Exercise directions: Repeat the data as given. Images do not go in the copy.

Data for the task:
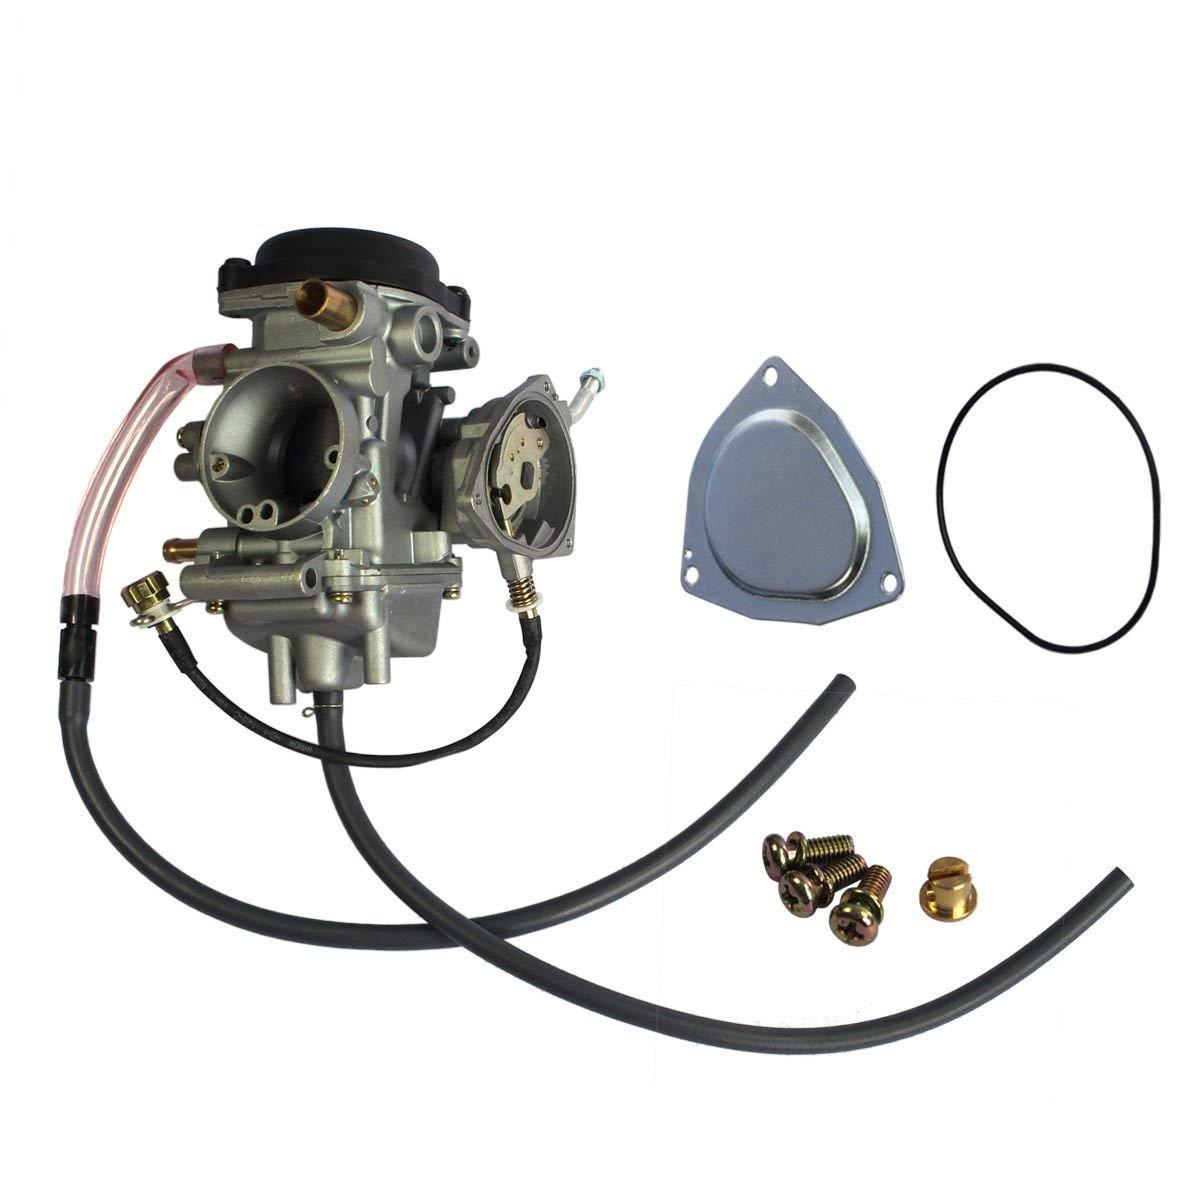 Performance Carburetor Fits Yamaha BIG BEAR 400 2x4 4x4 YFM400 2000 2001 2002 2003 2004 2005 2006 NEW Carb
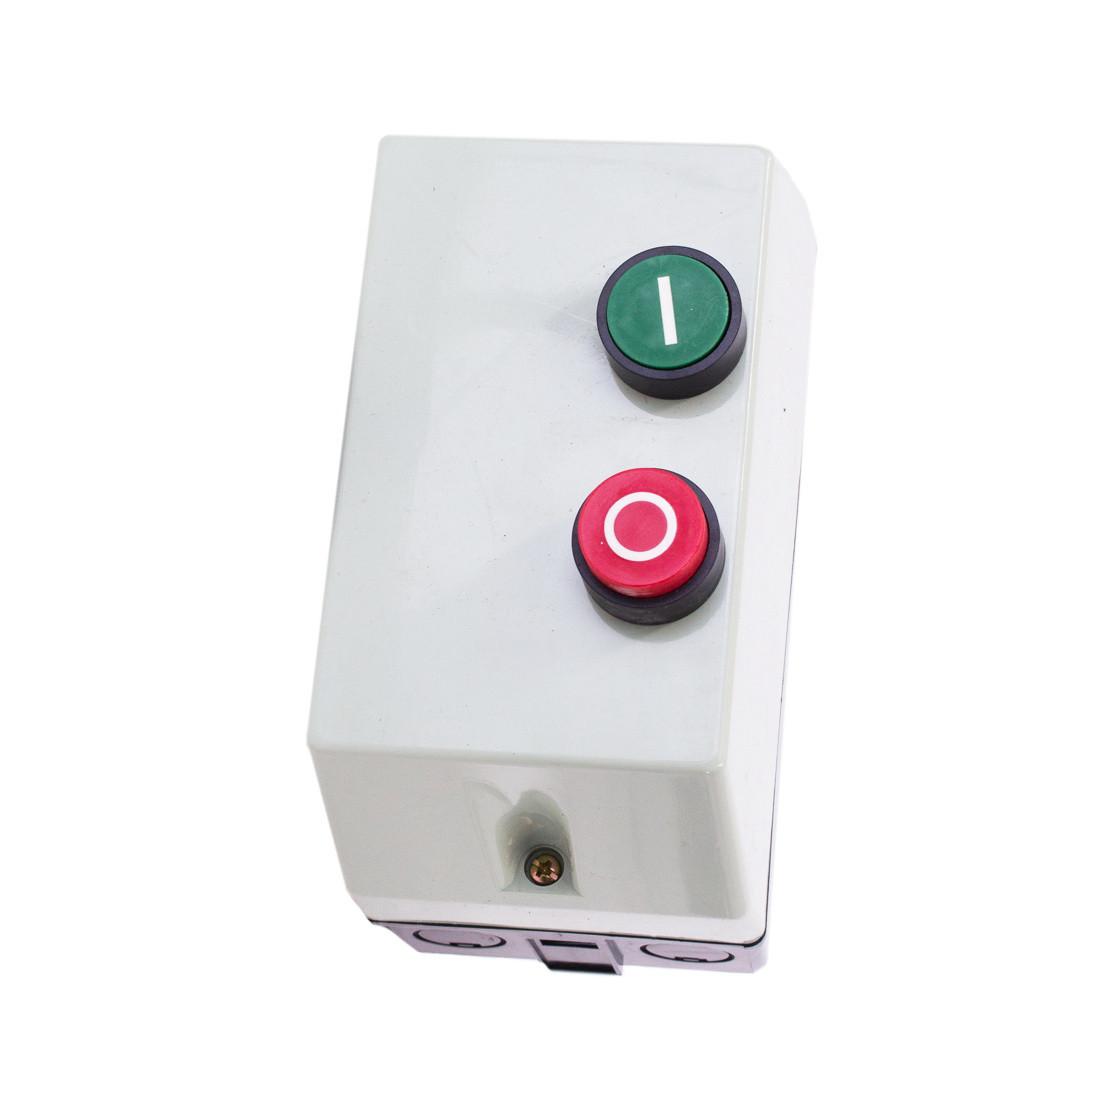 Контактор iPower КМИ-10960 9А АС 220В
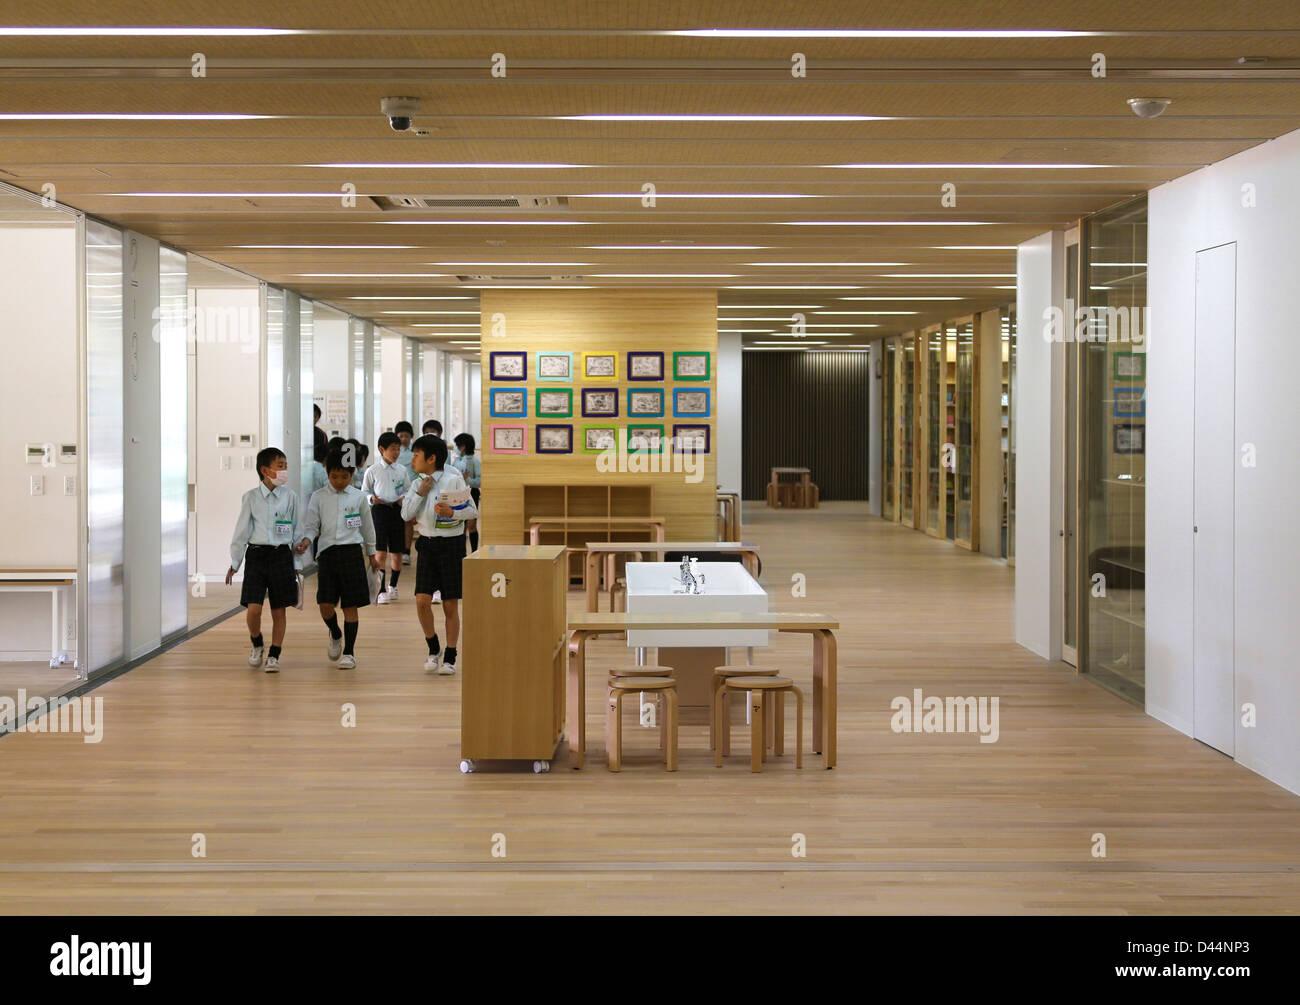 Teikyo University Elementary School, Tokyo, Japan. Architect: Kengo Kuma,  2012. Interior View Corridor On Ground Floor.
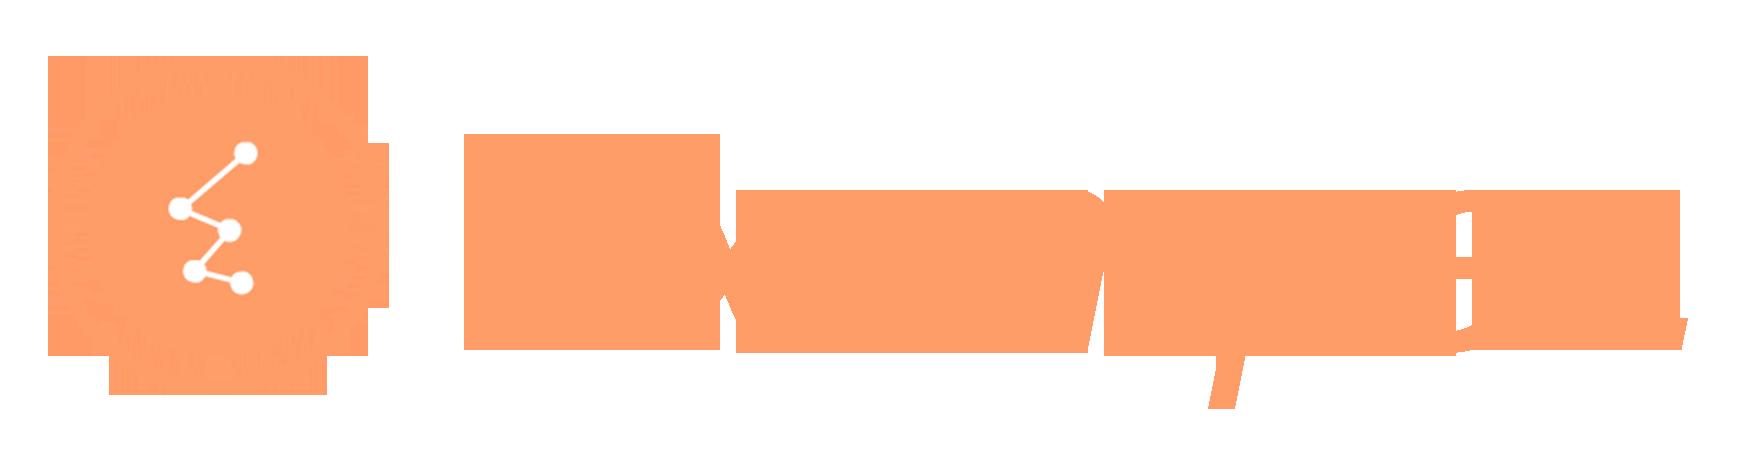 Examper
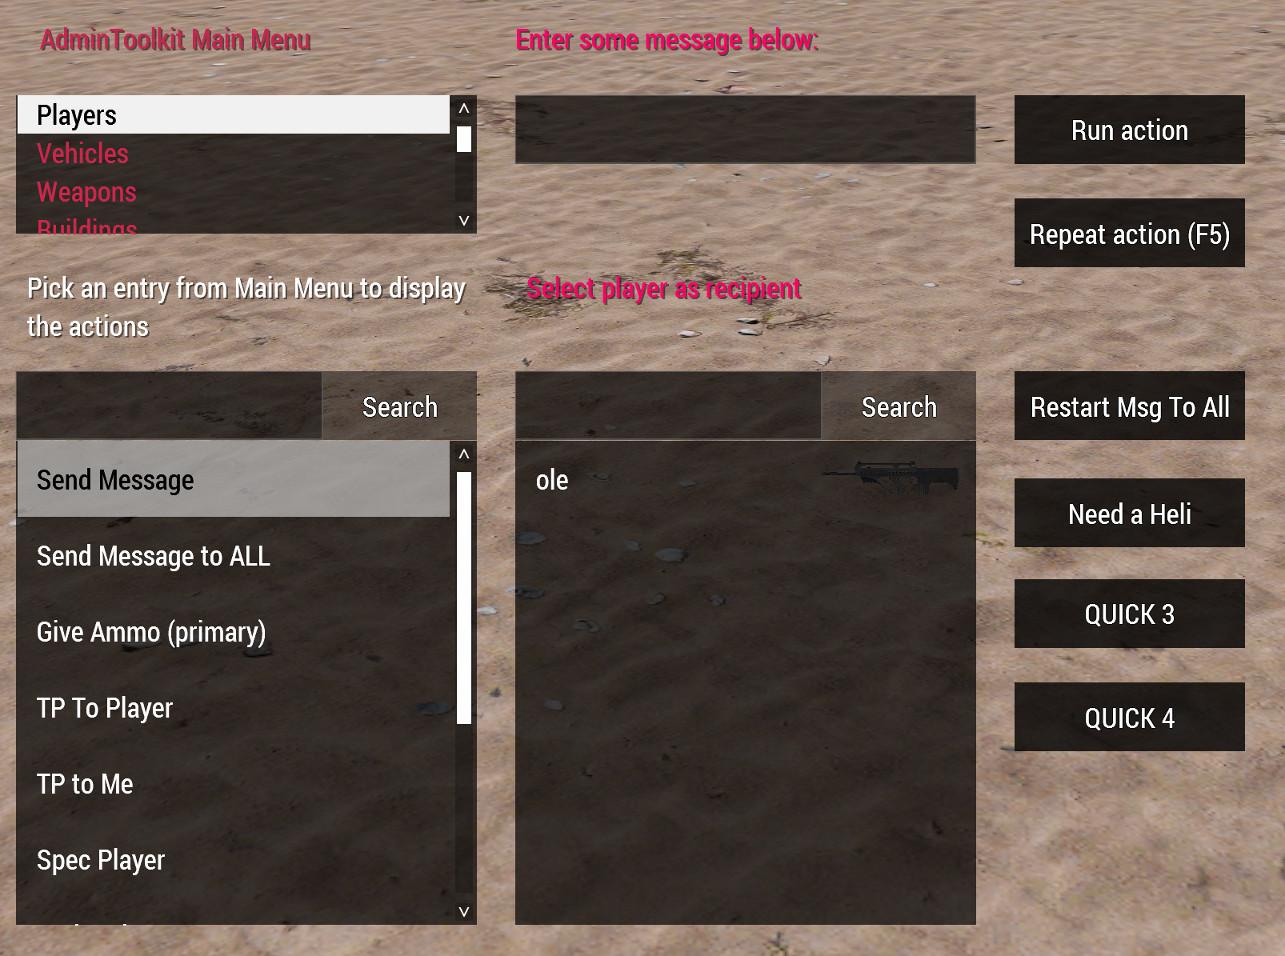 a3-atk-players.jpg

Solution to this task:
 Performance Carburetor Fits Yamaha BIG BEAR 400 2x4 4x4 YFM400 2000 2001 2002 2003 2004 2005 2006 NEW Carb
 Контактор iPower КМИ-10960 9А АС 220В
 Teikyo University Elementary School, Tokyo, Japan. Architect: Kengo Kuma,  2012. Interior View Corridor On Ground Floor.
 Examper
 a3-atk-players.jpg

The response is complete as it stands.